One point in favor of the sprawling Linux ecosystem is its broad hardware support—the kernel officially supports everything from ’90s-era PC hardware to Arm-based Apple Silicon chips, thanks to decades of combined effort from hardware manufacturers and motivated community members.
But nothing can last forever, and for a few years now, Linux maintainers (including Linus Torvalds) have been pushing to drop kernel support for Intel’s 80486 processor. This chip was originally introduced in 1989, was replaced by the first Intel Pentium in 1993, and was fully discontinued in 2007. Code commits suggest that Linux kernel version 7.1 will be the first to follow through, making it impossible to build a version of the kernel that will support the 486; Phoronix says that additional kernel changes to remove 486-related code will follow in subsequent kernel versions.
Although these chips haven’t changed in decades, maintaining support for them in modern software isn’t free.
“In the x86 architecture we have various complicated hardware emulation facilities on x86-32 to support ancient 32-bit CPUs that very, very few people are using with modern kernels,” writes Linux kernel contributor Ingo Molnar in his initial patch removing 486 support from the kernel. “This compatibility glue is sometimes even causing problems that people spend time to resolve, which time could be spent on other things.”
Too soon?



hopefully someone forks off a decent kernel that bridges the gap between older hardware and modern Linux because this feels like a valuable door to keep open in this regressive age of “you’ll own nothing and you’ll like it”.
uhhh…do you have any idea how much effort would be involved in maintaining a fork of the Linux kernel, just to preserve 486 support?
it’s not.
it’s a vanishingly small install base, because of how slow and limited those chips are. the 486 had a whopping 1.2 million transistors. compare that to the big list on this wikipedia page. a few that stand out:
transistor count isn’t an exact proxy for performance, but with those orders of magnitude it puts into perspective just how underpowered that little 486 is going to be, for anything you might try to do with it in 2026.
an original, first-generation Raspberry Pi will absolutely run circles around a 486. same with going to ebay or a local pawn shop / computer refurbisher and buying the absolute oldest/cheapest used laptop you can find.
for people who already have 486s and really want to keep them going, the current Debian release still supports 486, and it’s supported until 2028 - meaning you have 2 more years of continuing to receive security updates and theoretically being safe to connect it to the internet.
and even after that, FreeBSD has “tier 2” support for 386 and higher, and NetBSD supports it as “tier 1”
and of course, nothing stops anyone from running an old kernel on their old hardware.
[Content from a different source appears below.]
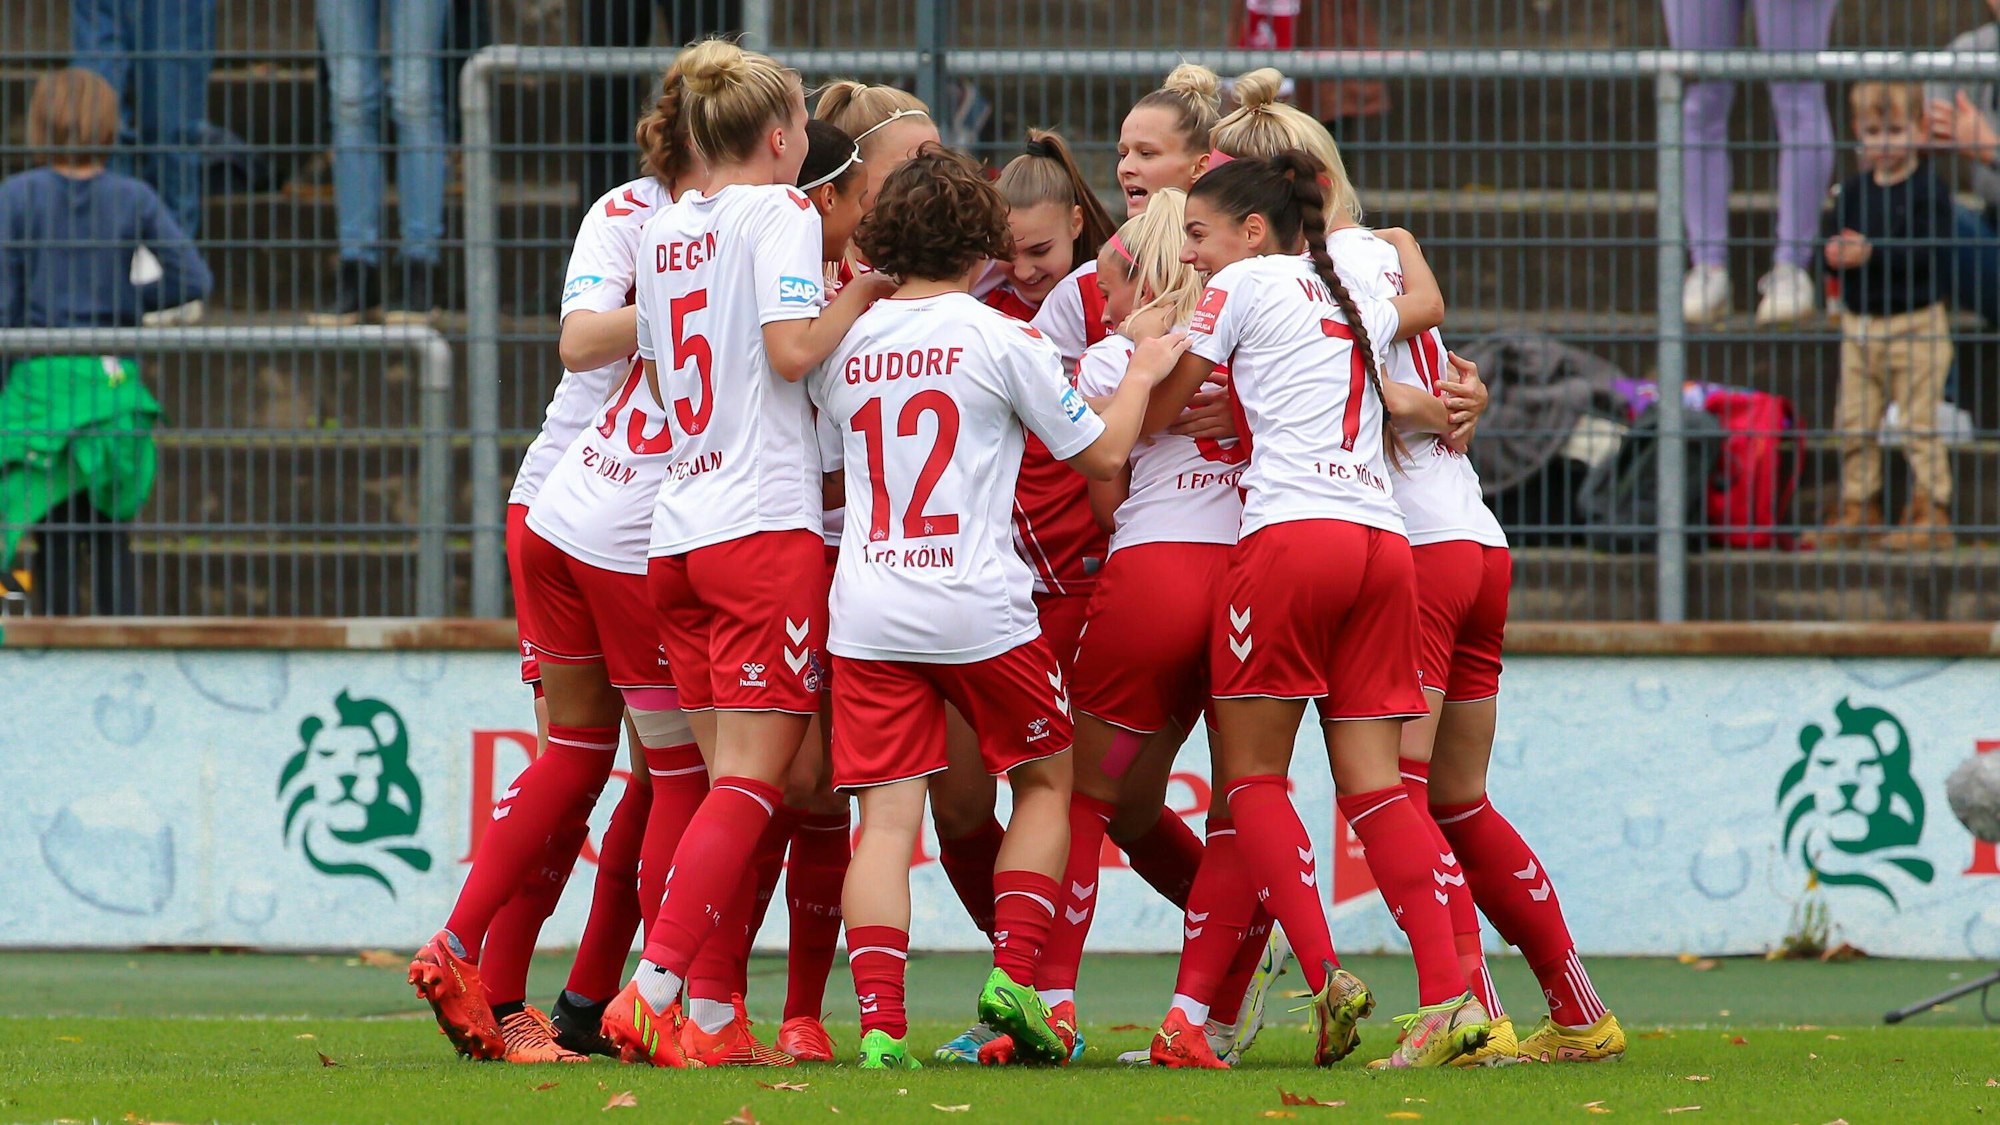 Spielerinnen des 1. FC Köln jubeln zusammen über ein Tor im Spiel gegen den SV Werder Bremen.

For reference, that means the 486 has maybe as many transistors as the board that runs my 11-year-old 3D printer firmware, and that was considered something between the “absolute bare minimum” and “honestly kinda underpowered” at the time I bought it. The only thing that board does is run some loops that send basic signals to some stepper motor drivers, and some basic-ass “bang-bang” style heat control. The actual heavy lifting of organizing and sending the position controls line by line is done by a Raspberry Pi.
Even i386 felt pretty speedy when compared to 8 MHz 68k.
Yes. It was speedy enough to merit a “Turbo” button to slow it down to a reasonable speed!
I would really want to know what kind of a use-case results in using a 386 or 486 computer in 2026 in such a manner that not being able to install the latest kernel updates would in any way be an actual issue.
Anything you still need a 486 for outside of hardware edge cases is handled far better and faster by a Pi Zero W, at a fraction of the power envelope. Thing is, they won’t be running Linux in that case, given vendor lock-in.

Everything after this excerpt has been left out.